"""
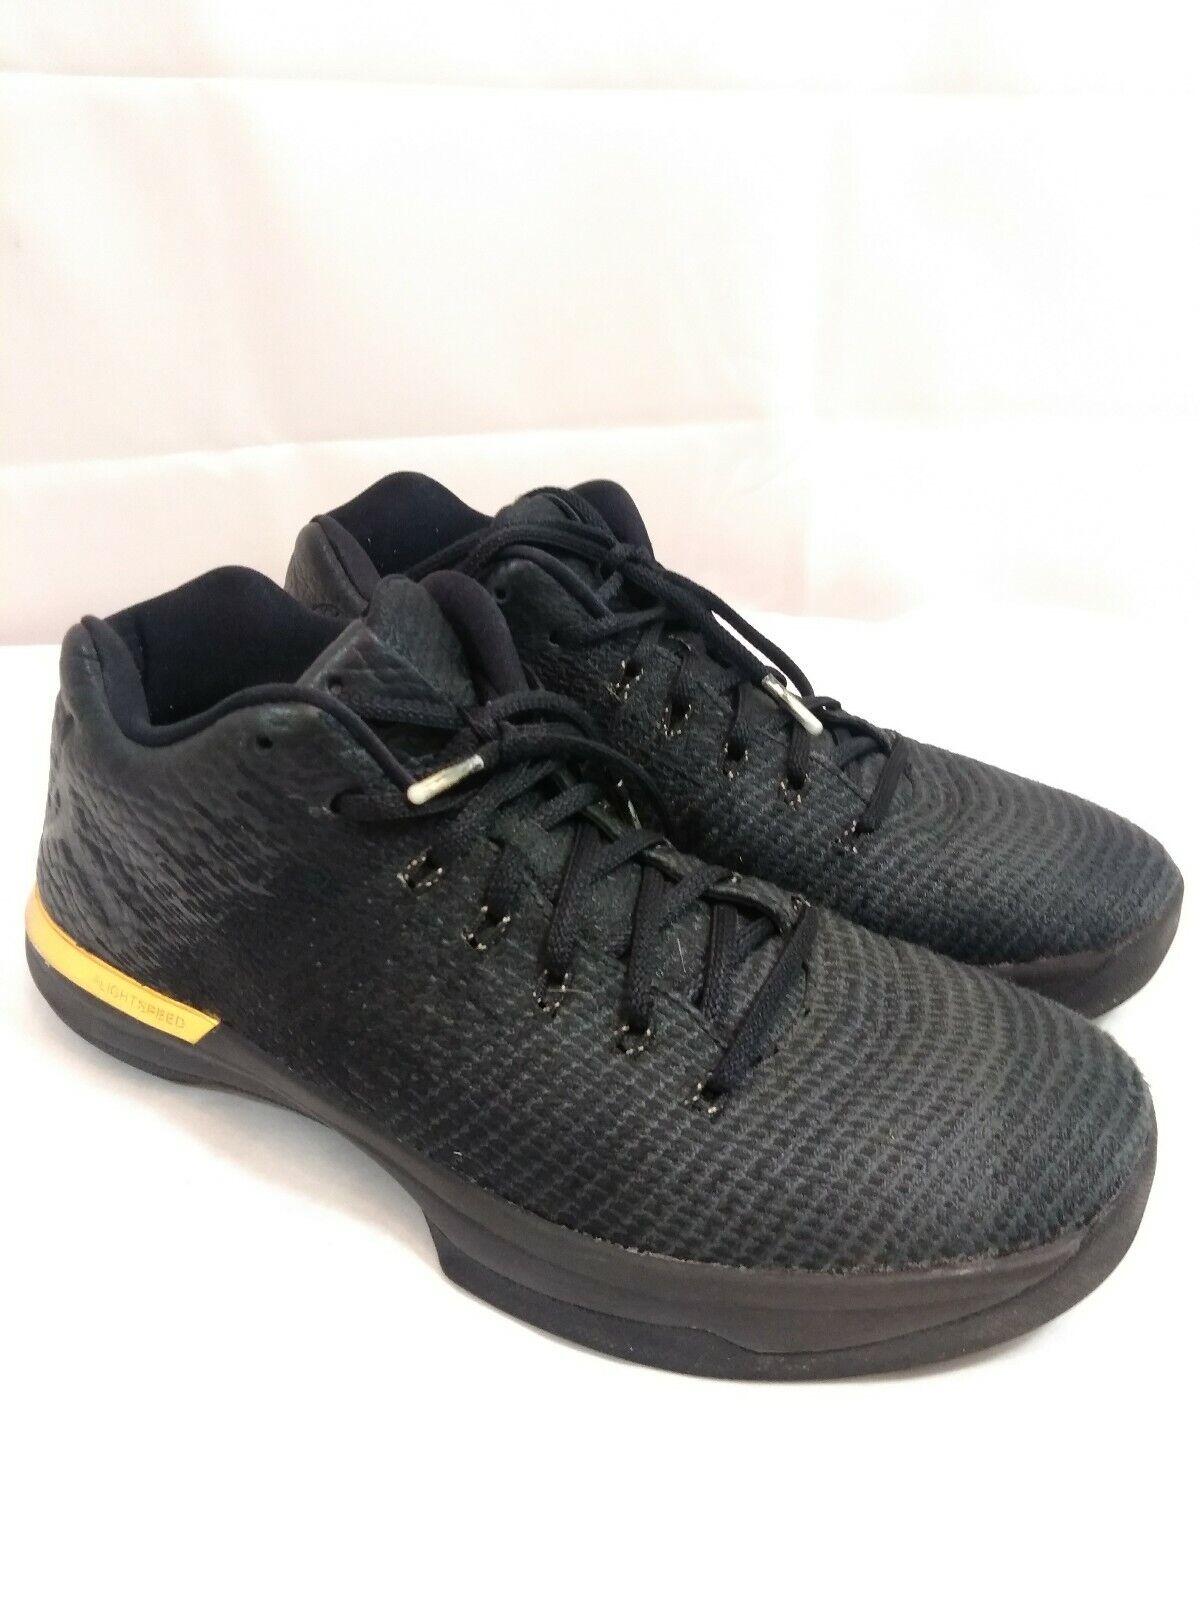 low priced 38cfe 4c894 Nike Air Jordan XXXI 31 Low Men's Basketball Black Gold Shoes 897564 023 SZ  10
"""
"""
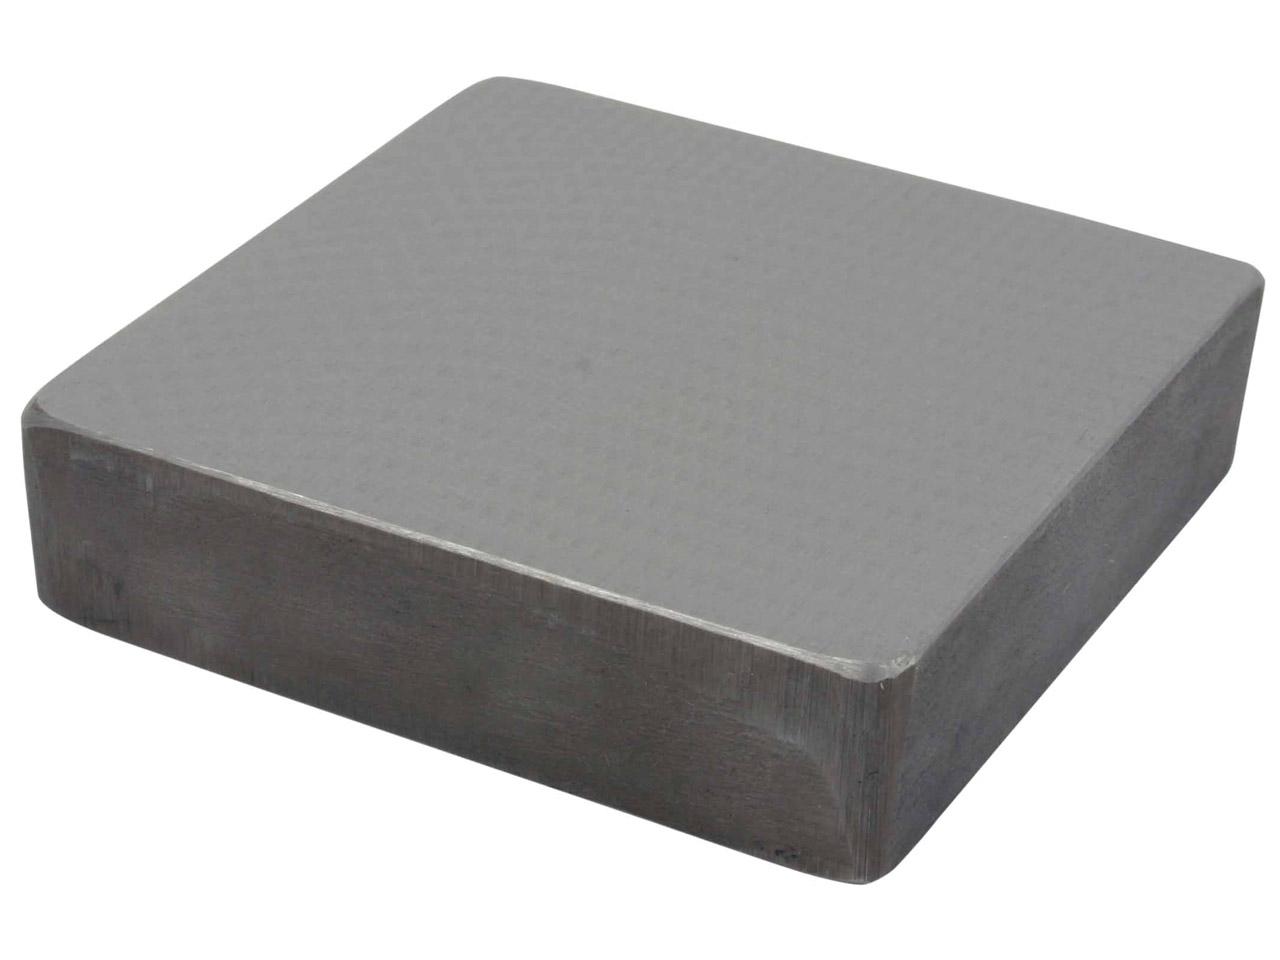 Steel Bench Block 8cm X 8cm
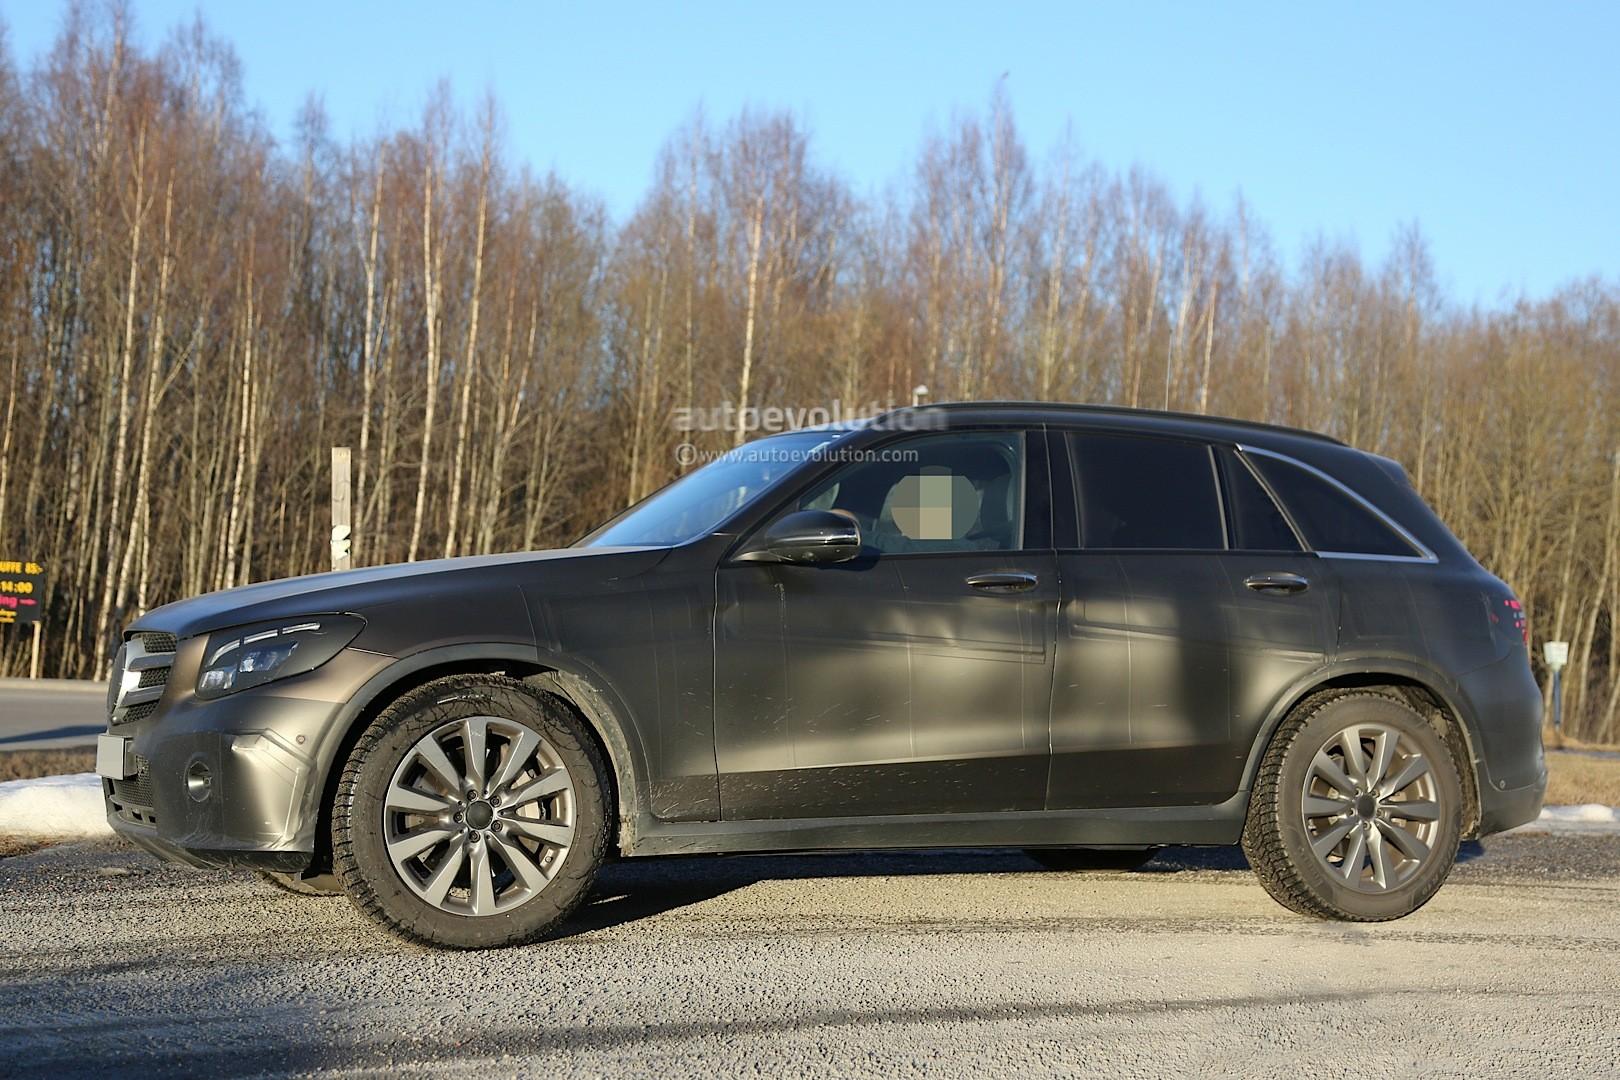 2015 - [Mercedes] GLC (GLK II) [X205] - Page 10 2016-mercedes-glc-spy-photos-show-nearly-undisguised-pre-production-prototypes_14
"""
#### PROMPT:
The response must repeat exactly the lines above from the one with "Steel Bench Block 8cm X 8cm" through the one with "2015 - [Mercedes]", including both, and must contain no pictures and no other text.

#### WRITTEN SOLUTION:
 Steel Bench Block 8cm X 8cm
 2015 - [Mercedes] GLC (GLK II) [X205] - Page 10 2016-mercedes-glc-spy-photos-show-nearly-undisguised-pre-production-prototypes_14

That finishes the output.